Ukrainian prime minister rejects Russian warnings on Kyiv enacting EU agreement:
Here's an update from RFE/RL's news desk:
A top United Nations official has said the death toll in the Ukraine conflict has soared past 3,000.
The Assistant Secretary-General for Human Rights Ivan Simonovic told the UN Human Rights Council today that the current registered death toll, as of September 21, is 3,543.
Simonovic said the actual number is likely to be "significantly higher."
Not counting the 298 victims of the Malaysian plane crash in july, the official toll stands at 3,245.
The previous death toll of the five months of fighting between government forces and pro-Russian separatists in eastern Ukraine was 2,600.
(AFP, ITAR-TASS)
Renewed fighting between Ukraine troops and pro-Russian separatists broke out on the night of September 21 and the following day near the city of Debaltseve in Ukraine's Donetsk region.
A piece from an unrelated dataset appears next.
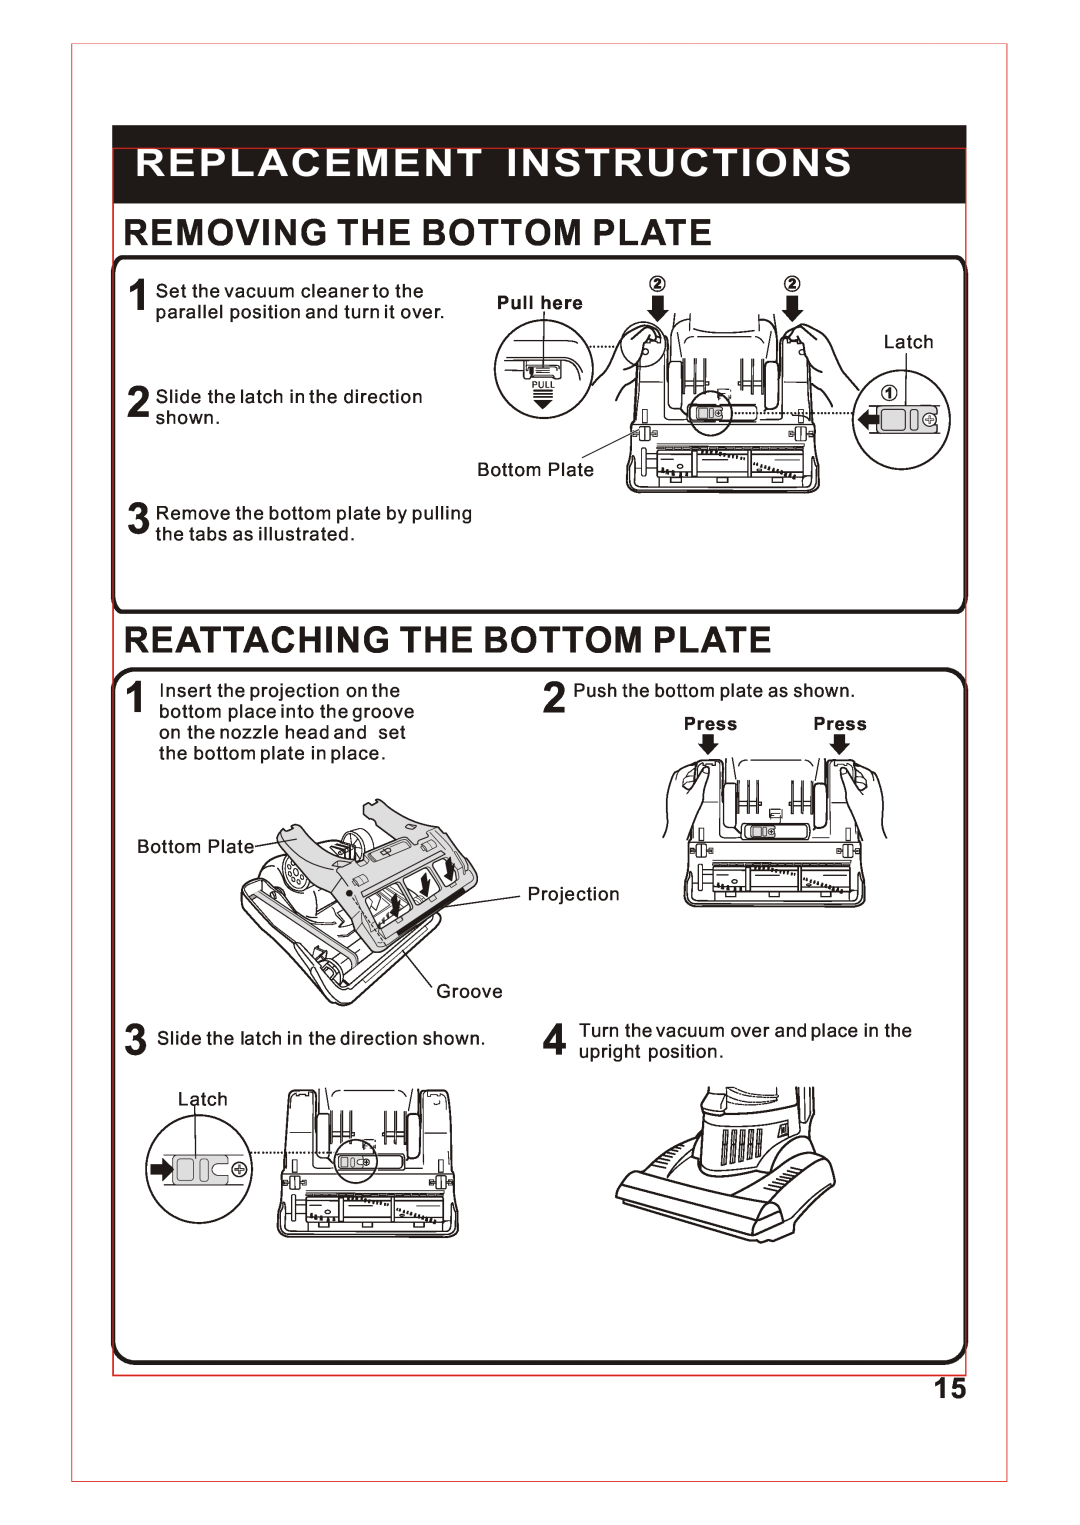 Fantom Vacuum FM740 B Replacement Instructions, Removing The Bottom Plate, Reattaching The Bottom Plate, Pull here 
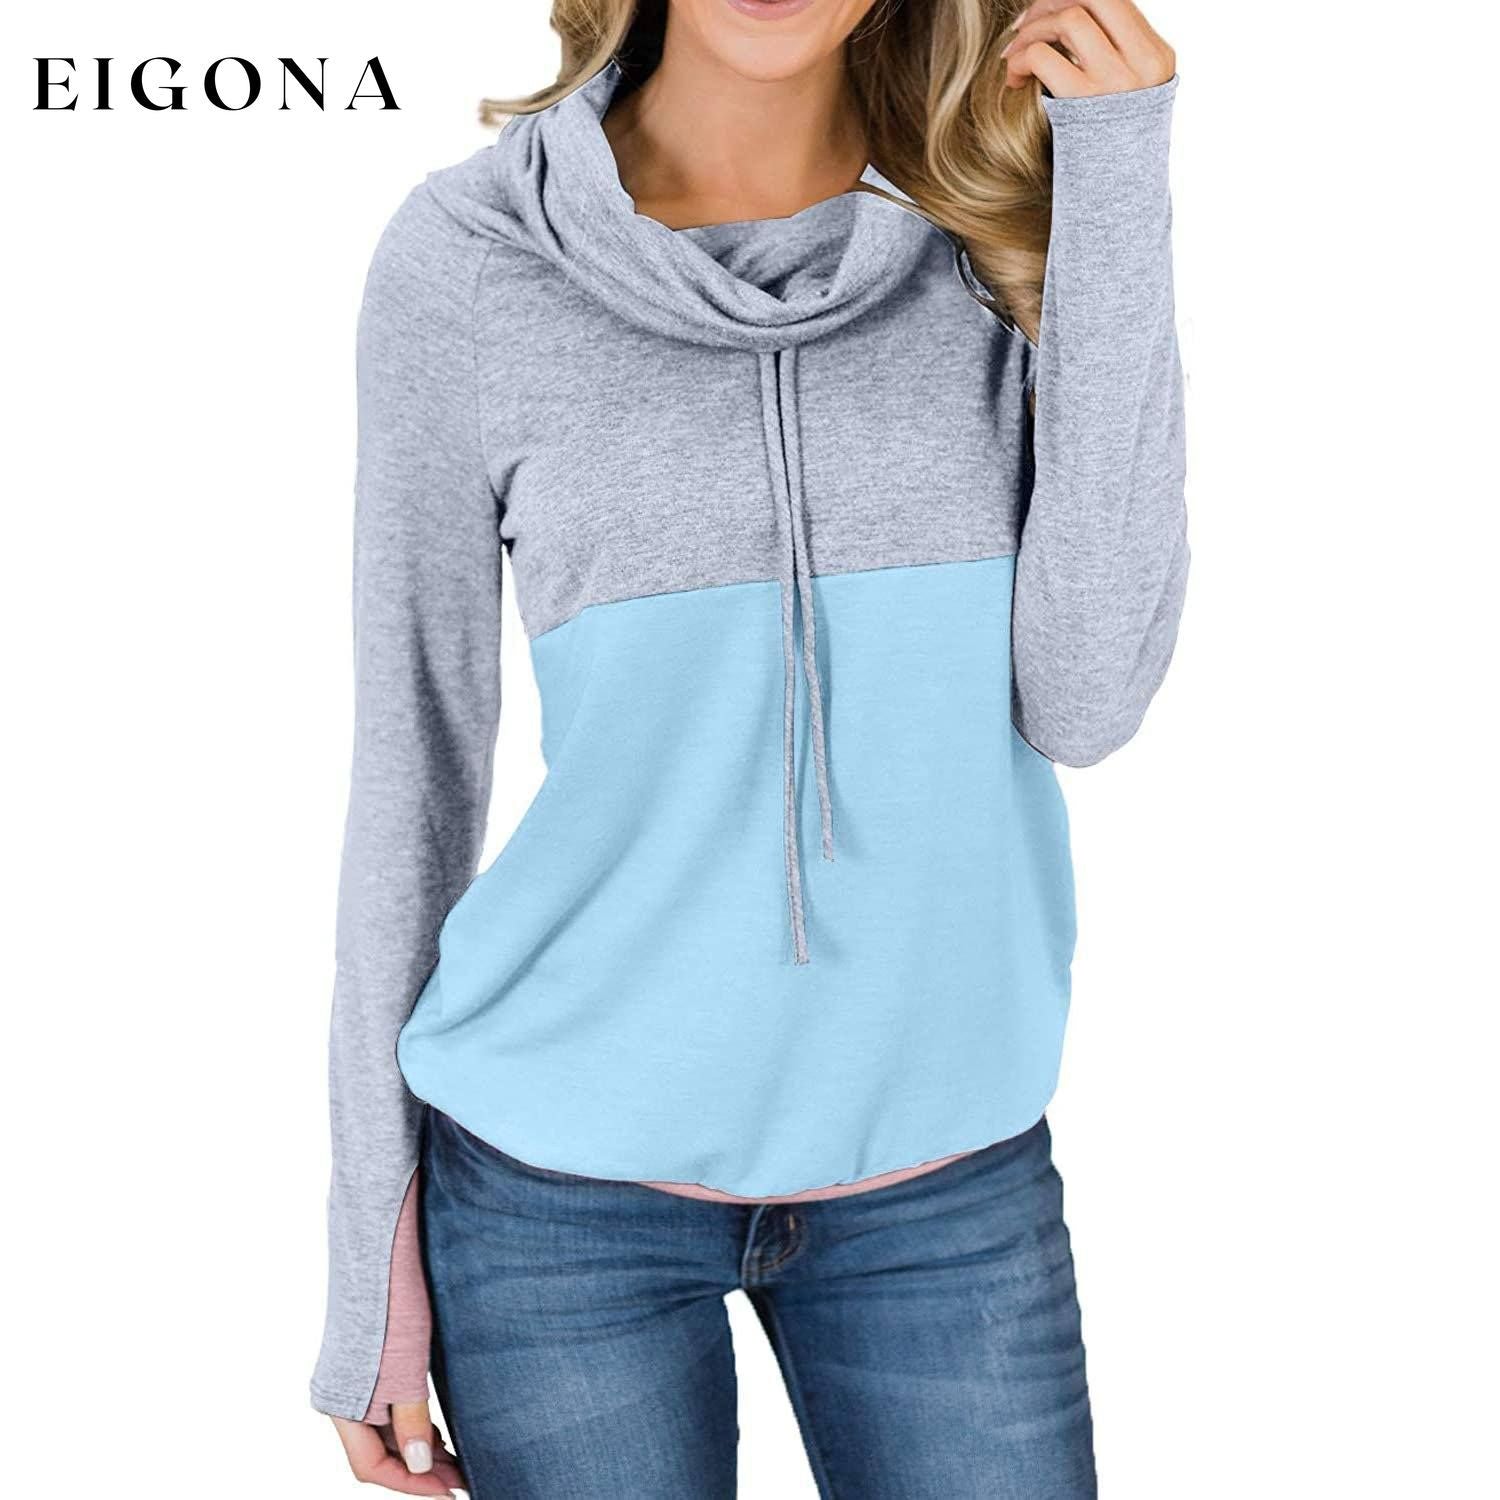 Women Cowl Neck Casual Tunic Sweatshirts Drawstring Long Sleeve Color Block Patchwork Pullover Tops Blue __stock:50 clothes refund_fee:1200 tops

A military commander said there had been casualties in his unit. The violence came as Ukrainian government forces were preparing to withdraw artillery and armored vehicles from a proposed 30-kilometer buffer zone. (Video by Levko Stek, RFE/RL's Ukrainian Service)
Retired navy officer Yury Mishin says he was on the verge of tears when he realised Crimea might be incorporated into Russia. “I remember how back in the service days I was thrilled every time I heard the Soviet anthem while lining up on the deck of my nuclear missile carrier for the morning check. It was the very same feeling”.